Иван сворачивает самокрутку, засыпает табаком, прикуривает и тянет дым обветренными губами.
— Дорога тяжелая больно, — продолжает он, — всю закурило, как есть замело. Ниче не видно, а лошадь чует, ни разу не сбилась. А перед Вичевщиной, на болоте, волк закусал собаку до смерти — за санями бежала. В одну хватку, враз. У меня даже ерши по телу встали, мороз пробежал. Не дай бог как страшно! Гусиной шкурой подернулся. А волк схватил собаку — уж она так к саням прижималась! — и отстал. — Потом отпивает чаю из блюдца и показывает на отца: — А он, будто и не было ничего, только лошадь придерживает, чтобы сани не разнесла, да бичом по волку! Тот отскочит да взвизгнет и снова к собаке лезет. Схватил все-таки.
Мы лежим на полатях и вздрагиваем от ужасов, о которых Иван рассказывает, и от холода, который даже до нас поднялся, — избу выстудили, когда Ивана встречали. Отец неожиданно встает и прерывает рассказ Ивана, подводит под ним черту:
— Ну, пора спать. Завтра поговоришь.
Все нехотя укладываются на ночь кто где.
В эту ночь я вижу во сне буран в поле и голодных волков, которые окружают нас с Санькой. Лошадь ржет и топчется на месте со страху, мы кричим на нее и не можем стронуть, а когда волки уже совсем близко, я зарываюсь с головой в рогожу и слышу, как орет Санька и весело ржет лошадь, будто увидела знакомого. Я просыпаюсь и сразу не могу прийти в себя от испуга. За столом сидят мама с Иваном. Я от радости чуть не прыгаю через брус, но потом успокаиваюсь и слушаю их разговор. Говорит, собственно, только Иван. Мама его спрашивает:
— Ну, расскажи, как город-то? Как он тебе показался?

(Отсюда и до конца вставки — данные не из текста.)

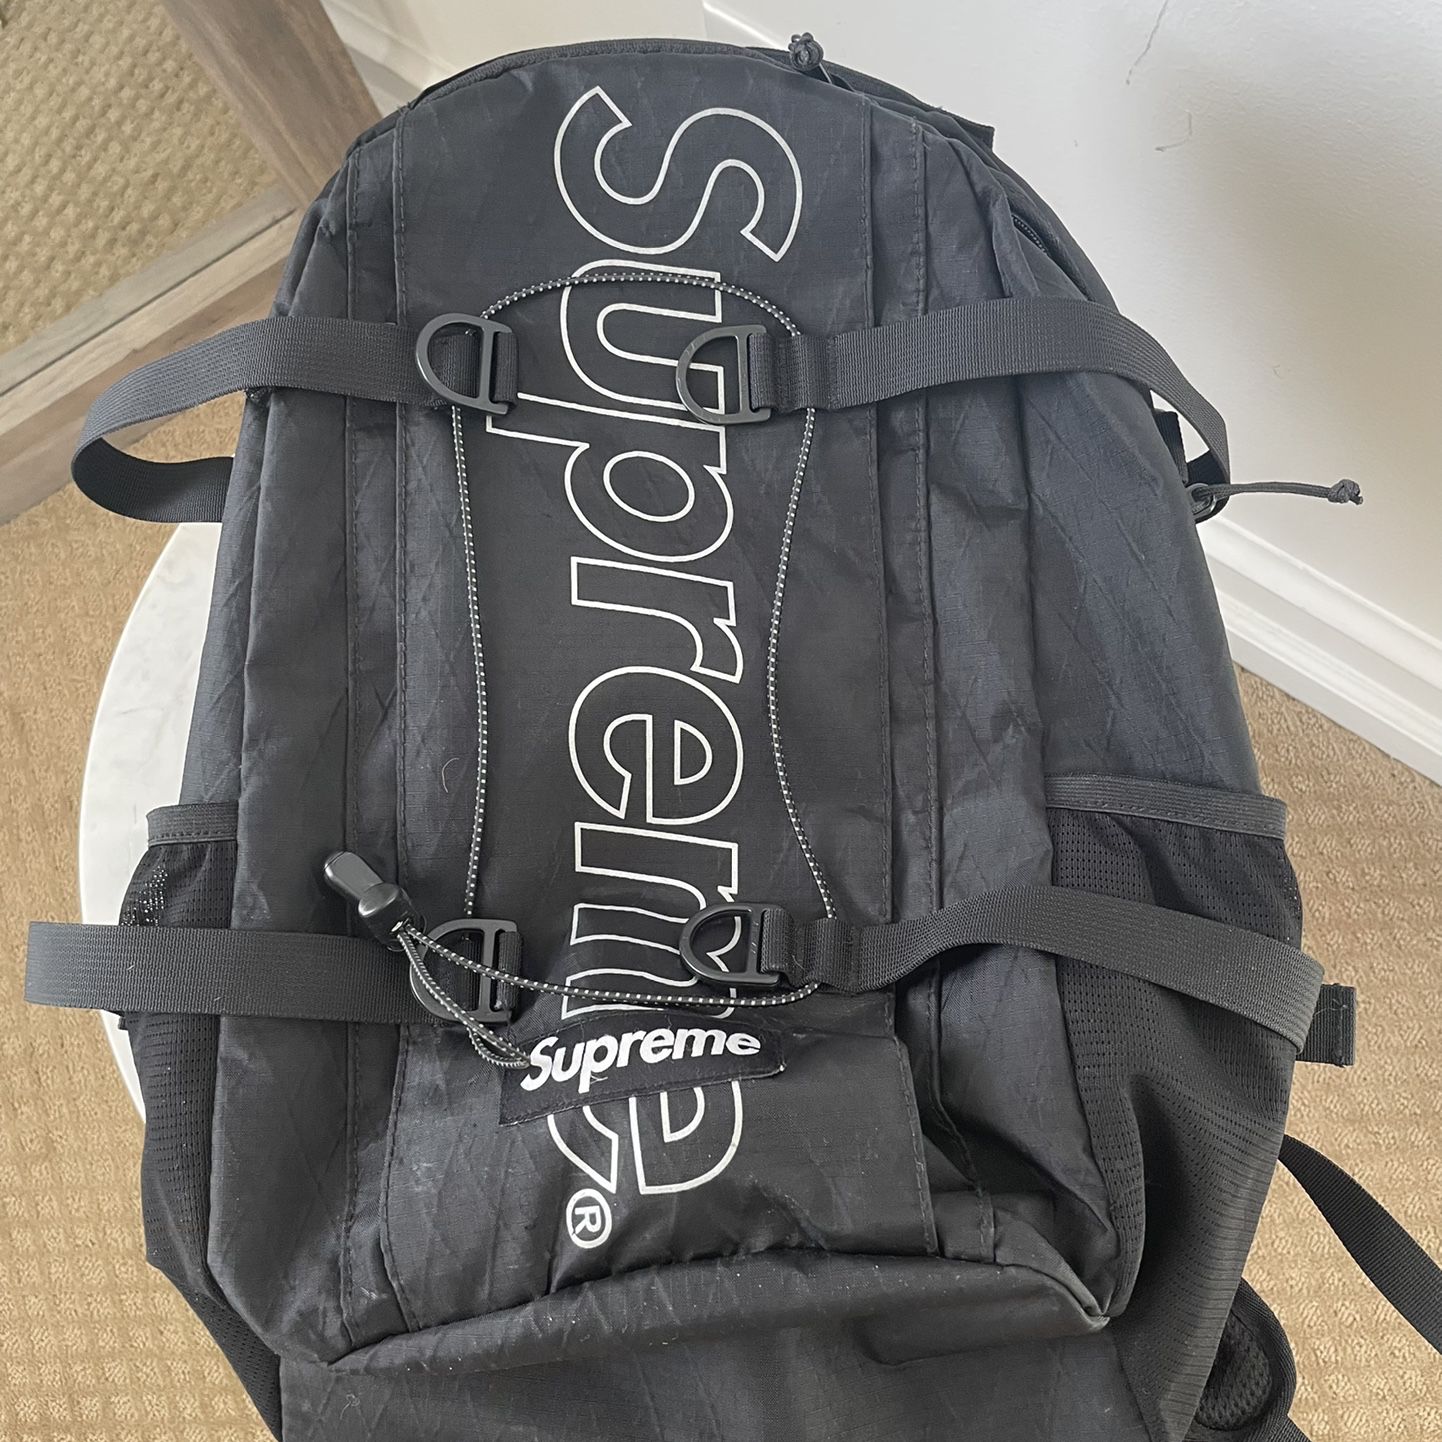 Supreme backpack for Sale in Dallas, TX - OfferUp

Вот этого-то я и ждал от Ивана. Вчерашние разговоры о погоде, да о буране, да о голодных волках зимой, которые шастают по дорогам, — это для меня дело привычное. Когда Иван начал говорить о городе, я растолкал Саньку, и вот мы лежим тихо, замерев и стараясь не пропустить мимо ушей ни единого слова. Вошли и тихо сели отец, бабка Парашкева и Василий.
Иван передает ощущение деревенского парня, впервые в жизни оказавшегося в городе:
— Дак ведь что? Мужик в город приехал — это все равно что игла в стог сена упала. И где он, и что с ним, никому ведомо не может быть. Пиши пропало. Сам себя не узнаёшь. Будто слепой али немец какой. Ничего не понимаешь и, если не спрашивать, ниче не найдешь. Дак ведь и спрашивать-то надо уметь. Еще не знаешь, что и спросить-то.
— Ух, как страшно-о-о! — шепчет мне Санька.
— Ну, избы-то там какие хоть? — спрашивает мама.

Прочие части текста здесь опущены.